■ **WHAT THE TASK REQUIRES**:
The task for the listing below is to write out exactly the lines starting at the one containing "Bảng nhựa cảnh báo chữ A Làm việc trên cao" and ending at the one containing "Villa in vendita", both included. Pictures are to be omitted.

Segment Start: MATERIAL FOR THIS TASK

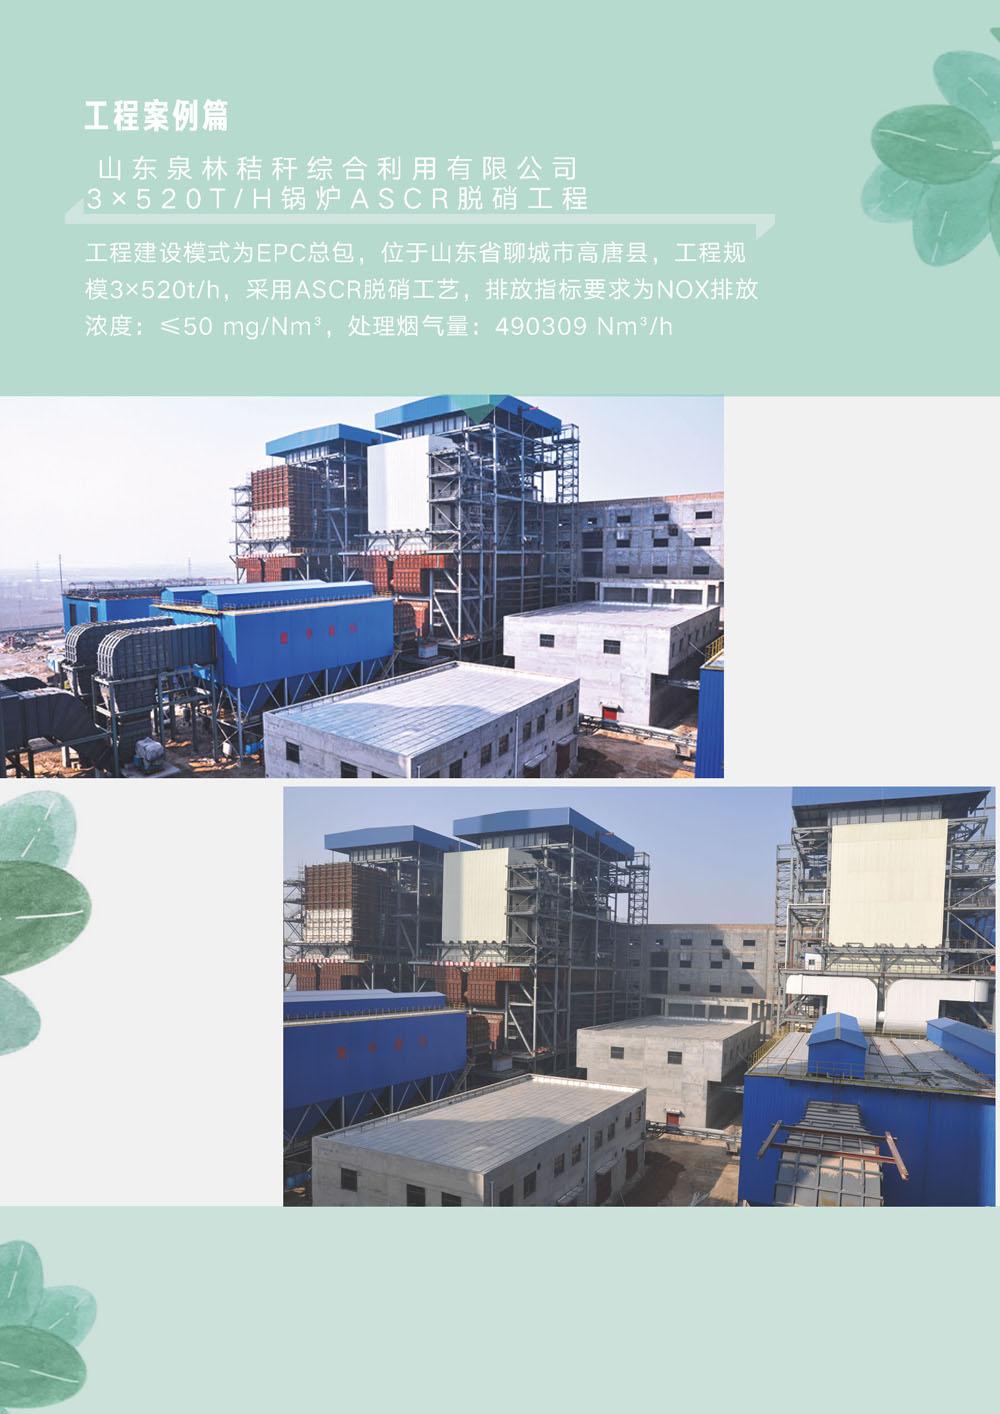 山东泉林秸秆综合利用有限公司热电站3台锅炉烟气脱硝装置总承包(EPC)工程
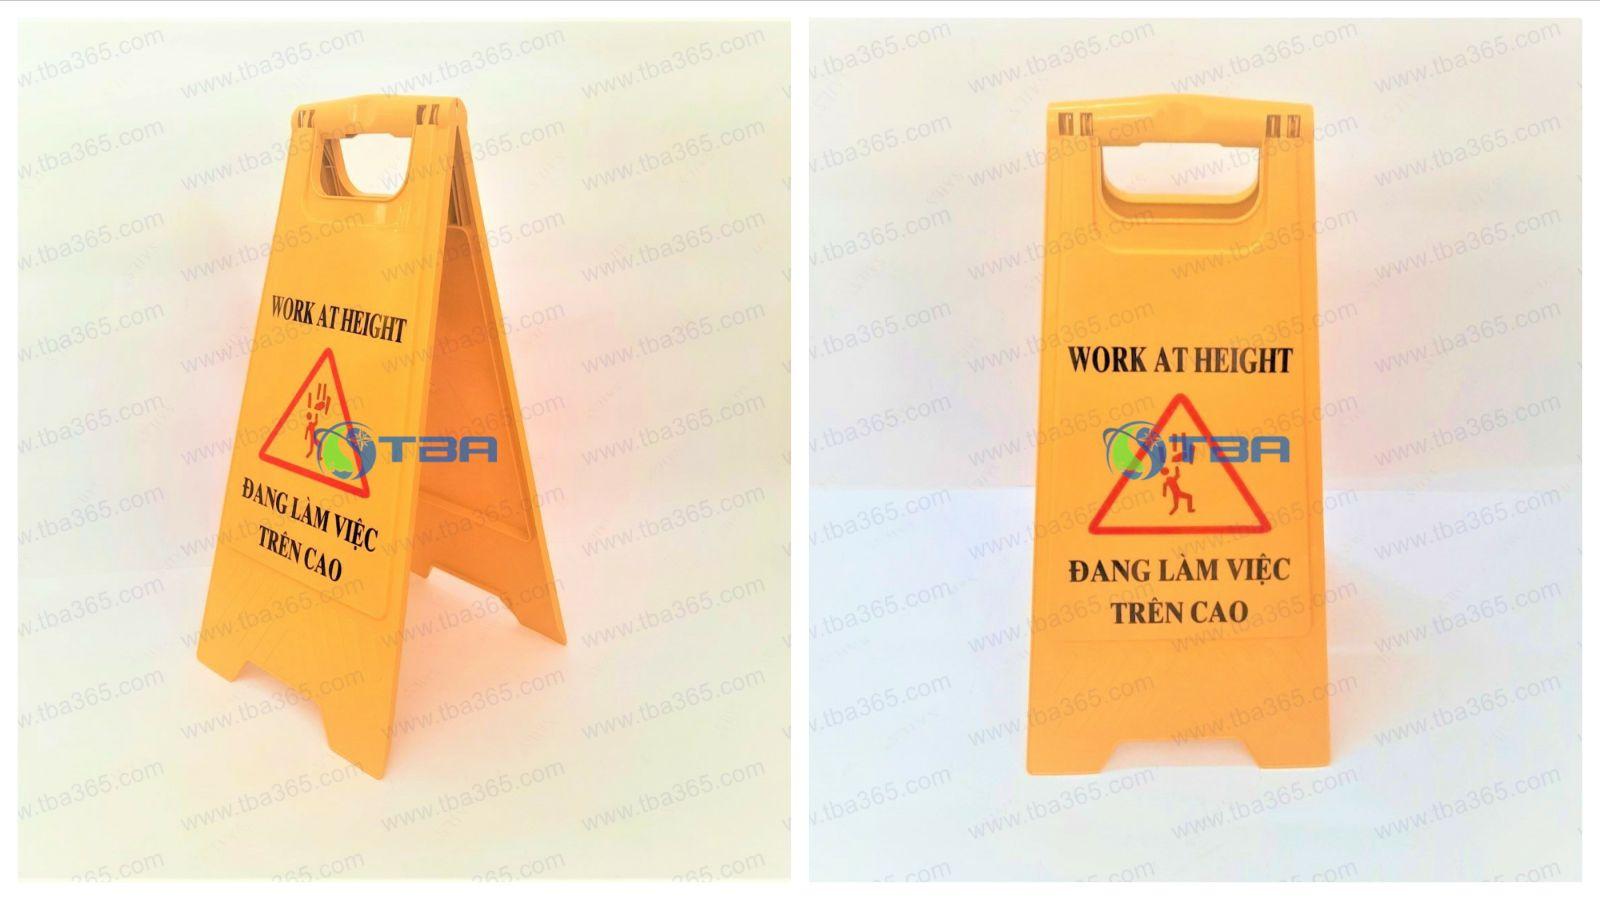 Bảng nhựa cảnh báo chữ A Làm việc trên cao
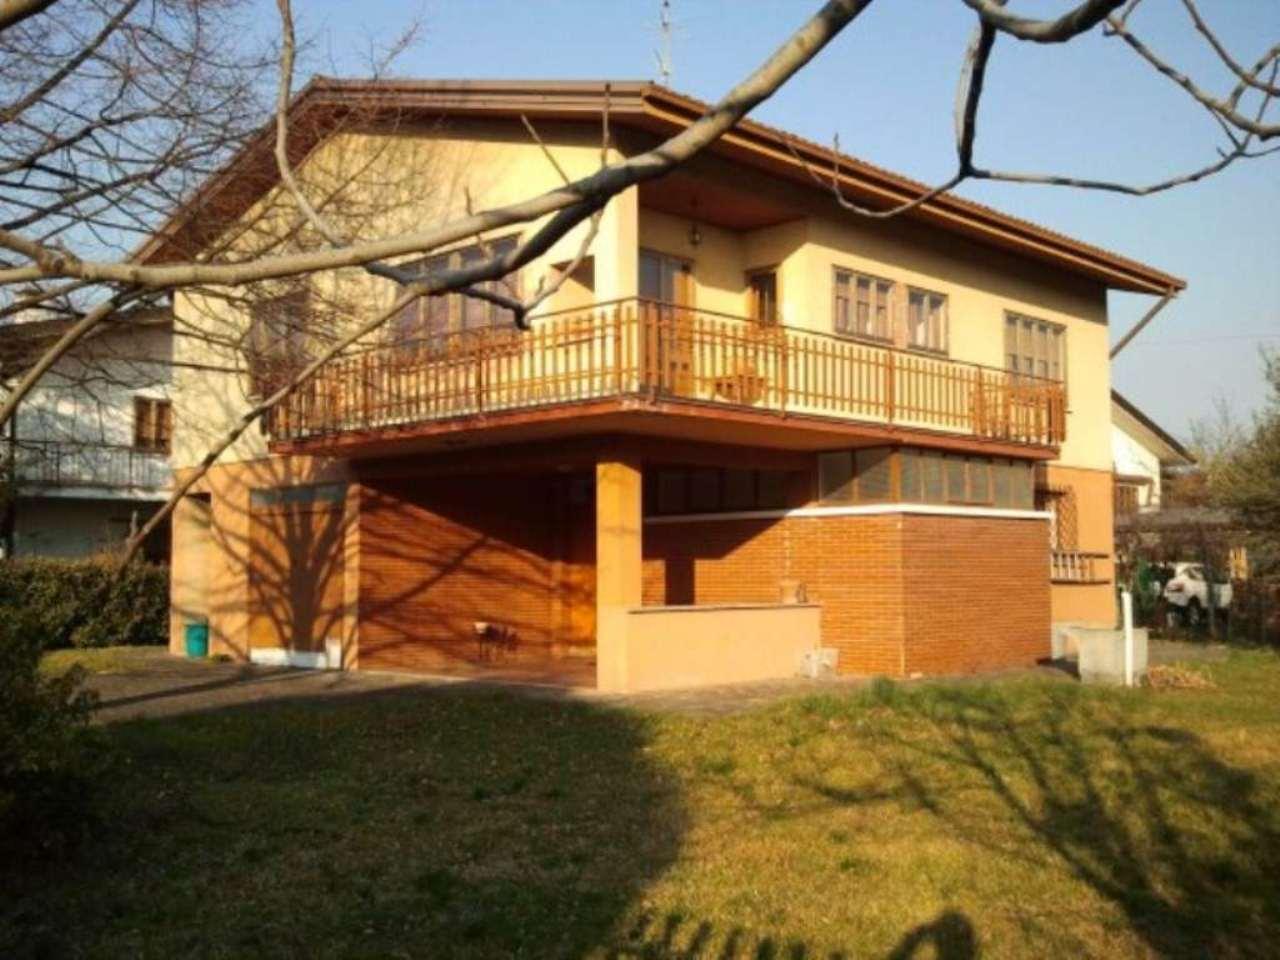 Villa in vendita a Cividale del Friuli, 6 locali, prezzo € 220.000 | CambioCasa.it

Segment End: MATERIAL FOR THIS TASK
Segment Start: MATERIAL FOR THIS TASK

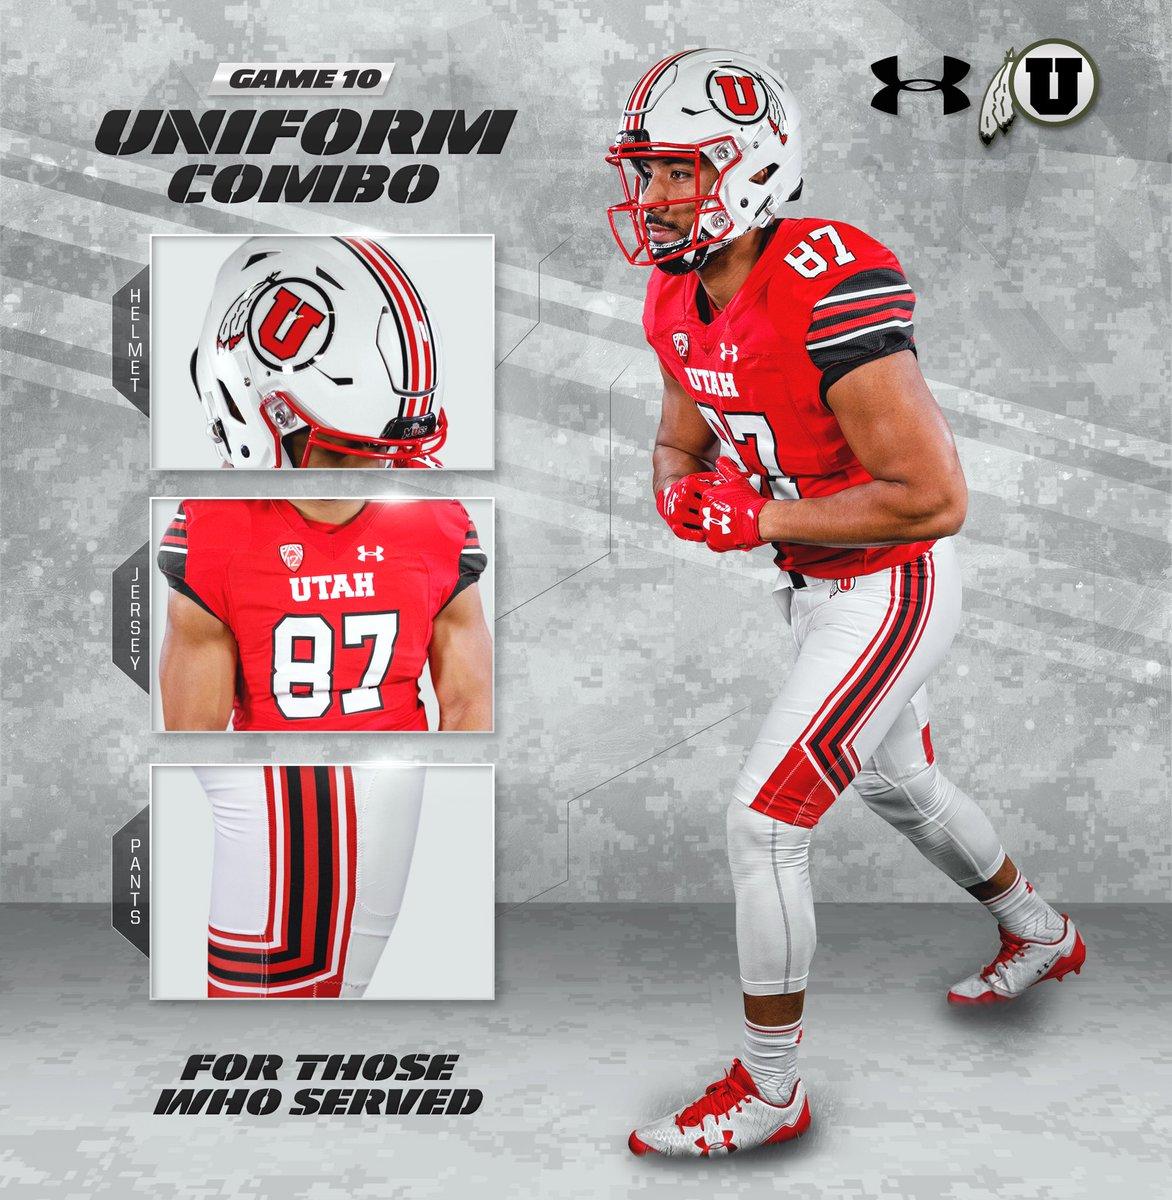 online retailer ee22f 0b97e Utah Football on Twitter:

Segment End: MATERIAL FOR THIS TASK

■ **RESPONSE BOX**:
 Bảng nhựa cảnh báo chữ A Làm việc trên cao
 Villa in vendita a Cividale del Friuli, 6 locali, prezzo € 220.000 | CambioCasa.it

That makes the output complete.